Machanical Frequency Tuning by the Hair Bundle of Mechanosensory Hair Cells

Hearing starts with the deflection of the hair bundle, a cohesive tuft of actin-based cylindrical protrusions—the stereocilia—that gives their name to the mechanosensory hair cells of the inner ear. Tension changes in tip links interconnecting the stereocilia modulate the open probability of ion channels located at the stereociliary tips, resulting in an electrical response. Hair cells are tuned to a characteristic frequency of the stimulus and spatially distributed in auditory organs according to a tonotopic map. Here we review micromechanical measurements on single hair bundles implicating this mechanosensory antenna in mechanical frequency tuning of the hair cell. In the frog saccule, a dynamic interplay between negative stiffness mediated by ion channels’ gating forces and delayed force feedback owing to both myosin motors pulling on the tip links and channel reclosure by calcium ions brings the hair bundle to the vicinity of an oscillatory instability—a Hopf bifurcation.
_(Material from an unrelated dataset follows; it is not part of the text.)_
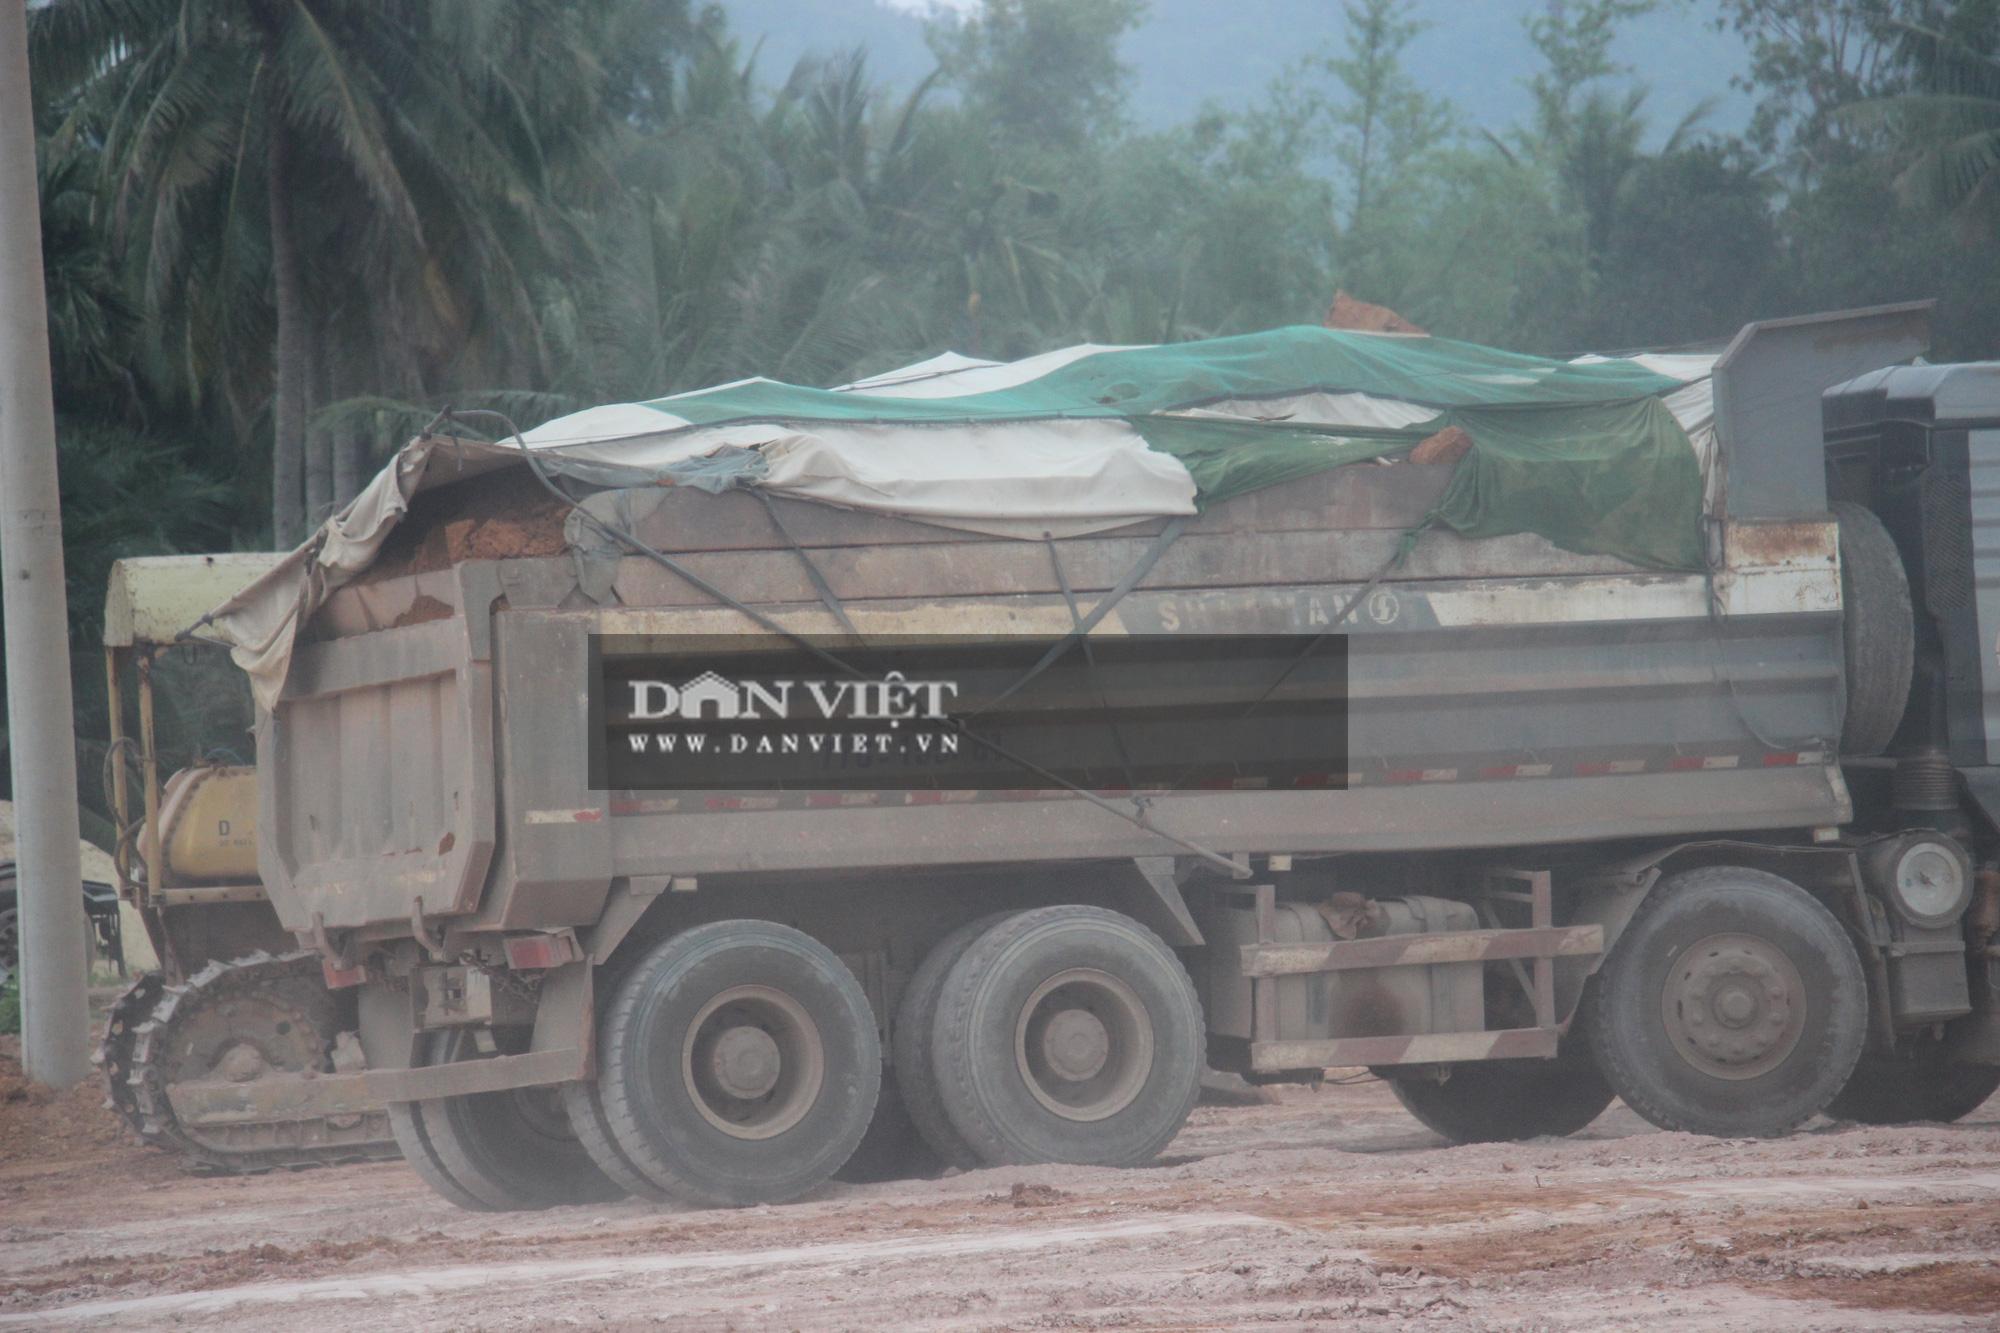 """Bình Định: Đoàn xe hổ vồ """"siêu tải"""" Bá Sanh Đường tung hoành - Ảnh 10."""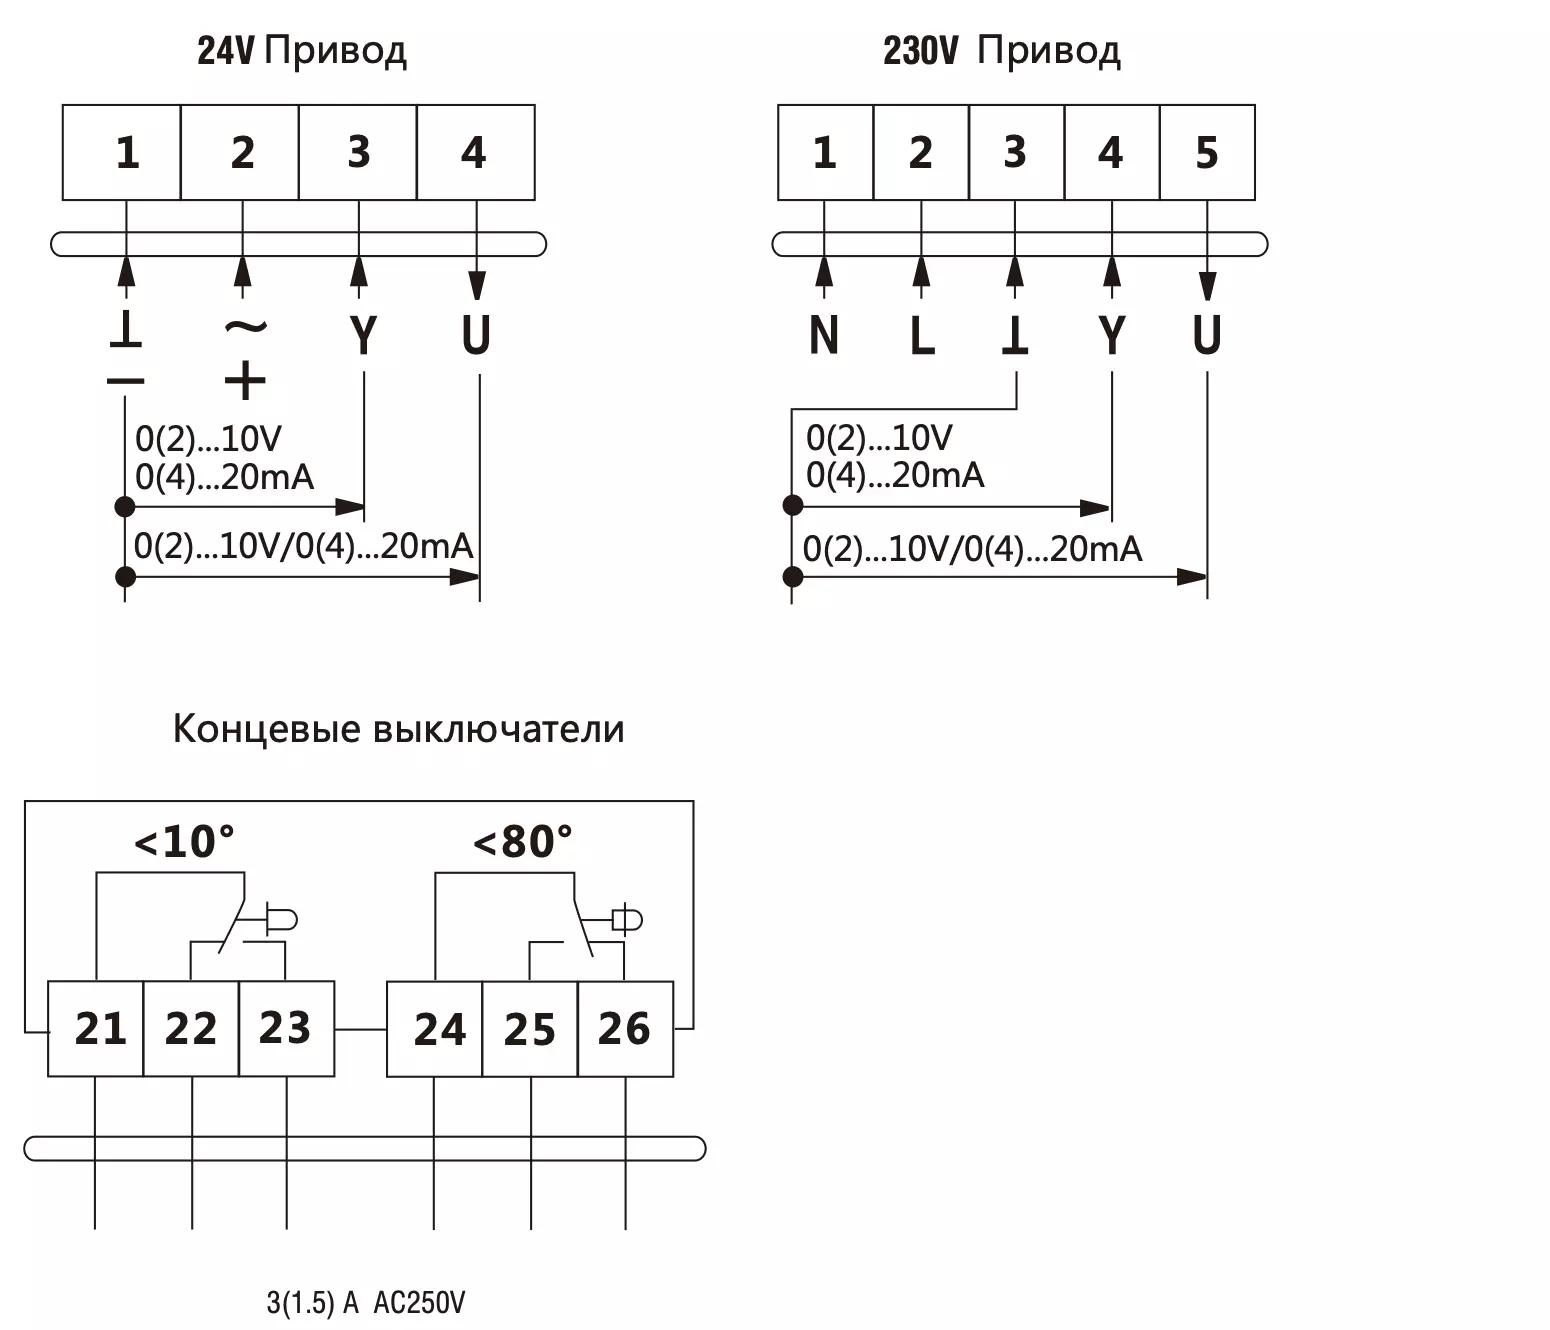 da4mu230-a схема подключения

Driven by this active process, the hair bundle works as a resonant system that provides nonlinear amplification of faint signals near its frequency of spontaneous oscillation. In addition, in the rat cochlea, we found that tonotopy is associated with gradients of stiffness and resting mechanical tension, both at the cellular scale of a whole hair bundle and at the molecular scale of a single tip link. Finally, in the frog saccule, recent observations revealed a strong coupling between actin polymerization in the hair bundle, which determines the bundle size and stiffness, and mechanoelectrical transduction, possibly via a formin-dependent pathway that controls the number and length of actin filaments in stereocilia. These findings provide an entry point to the mechanism that maintains the morphology of the hair bundle according to the bundle's function as a frequency-selective antenna.